Recovering the Mystery

Some time ago, I came across a great comment best paraphrased as “Life is a mystery to be lived, not a problem to be solved.” Living in mystery—sounds intriguing.

What might that look like? Through our Scripture Lesson today, we are brought (in spirit) to the shores of the Jordan to contemplate in wonder of Christ’s baptism by John.

Throughout the ages, the voices of Christian wisdom testify that the Baptism of Jesus Christ is a great mystery that eludes our comprehension but demands our contemplation. When we read closely, the sparse details in Matthew seem idiosyncratic and incomplete, begging our questions and offering few answers. It seems to me that there are three mysteries regarding the baptism of Jesus that demand our attention and contemplation.

The First Mystery: Jesus Does It

The first mystery is perhaps the most obvious. It is the mystery that Jesus himself submits to baptism at all. We read that John’s baptism was “for repentance.” But yet Jesus Christ, the sinless savior of the world, submits himself to it. So if Jesus is not in need of repentance, what then is the purpose of Jesus’ baptism?
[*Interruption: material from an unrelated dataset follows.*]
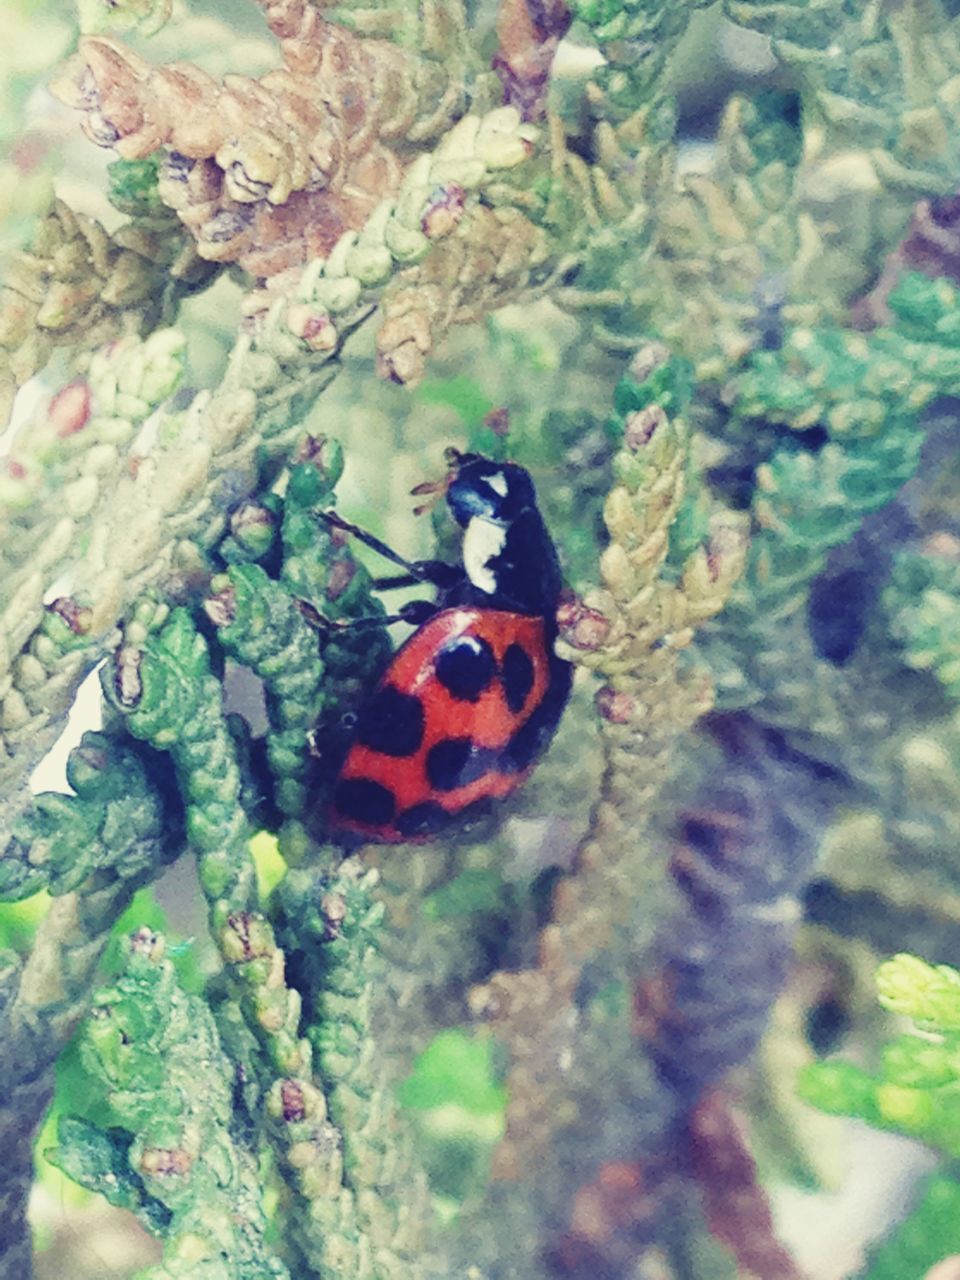 animal themes, one animal, animals in the wild, wildlife, insect, close-up, animal markings, nature, focus on foreground, red, beauty in nature, selective focus, ladybug, spotted, zoology, perching, natural pattern, outdoors, butterfly - insect, day

A quick scan through history reveals that Christians have struggled with this mystery for as long as there have been Christians. The fourth century Doctor of the Church, St. John Chrysostom, best known for his superb skills as a theological orator, ruminates on this mystery in one of his sermons. After struggling out loud with the mystery for some time, and after proposing several solutions that prove inadequate, St. John Chrysostom eventually asks, “For whom was He baptized, if this was done not for repentance, nor for the remission of sins, nor for receiving the gifts of the Spirit?” He ends up in the simple place where his questions started.

But our mystery goes beyond this incongruity—the idea of a sinless participant undergoing baptism of repentance. There is a greater metaphysical mystery at play as well. Through the baptism of Jesus, “we have an amazing thing before us. He who created the waters submits to being baptized in them. He who created the heavens and the earth and saw that it was good and not evil, submits to cleansing in waters. He who regenerates our flesh, Who is the Regenerator, He descends in the flesh into regenerating waters.” It is a mystery indeed.*

Of course, there have always been people who have tried to eliminate the mysteries of our faith, attempting to contain their magnitude in neat, little, bumper-sticker sized boxes. One popular answer to this mystery, especially with preachers throughout the centuries, is that Jesus was modeling behavior for us. This explanation has ticked a lot of boxes for us Baptists in particular, as we are a people whose identity is intrinsically linked to how we understand baptism. For us, as well as many other denominations, Jesus provides here the model for carrying out the command issued at the Great Commission to “baptize.”

In a variety of ways, St. John Chrysostom and many others throughout history, have come to believe that Jesus’ baptism functioned as a sort of “coming-out party” through which the people of the region might take note of his presence and upcoming ministry. As is the case in the biblical narrative, his baptism is where Jesus emerges onto the stage of history in an active manner. From here on, he will play a major speaking role.

But while this and other explanations may be logical, it seems incomplete. The mystery remains. As it will forever remain……in this world.

The Second Mystery: The Symbolism

The second mystery of Jesus’ baptism has to do with its symbolism. This seems to be the mystery that enraptures commentators and authors from the apostle Paul through those of the present day.

Paul began our infatuation by locating within the event of Jesus’ baptism a symbol of death and regenerated life. In Colossians, for instance, Paul states that we have “been buried with him in baptism, in which you were also raised with him through faith in the powerful working of God, who raised him from the dead” (2:12).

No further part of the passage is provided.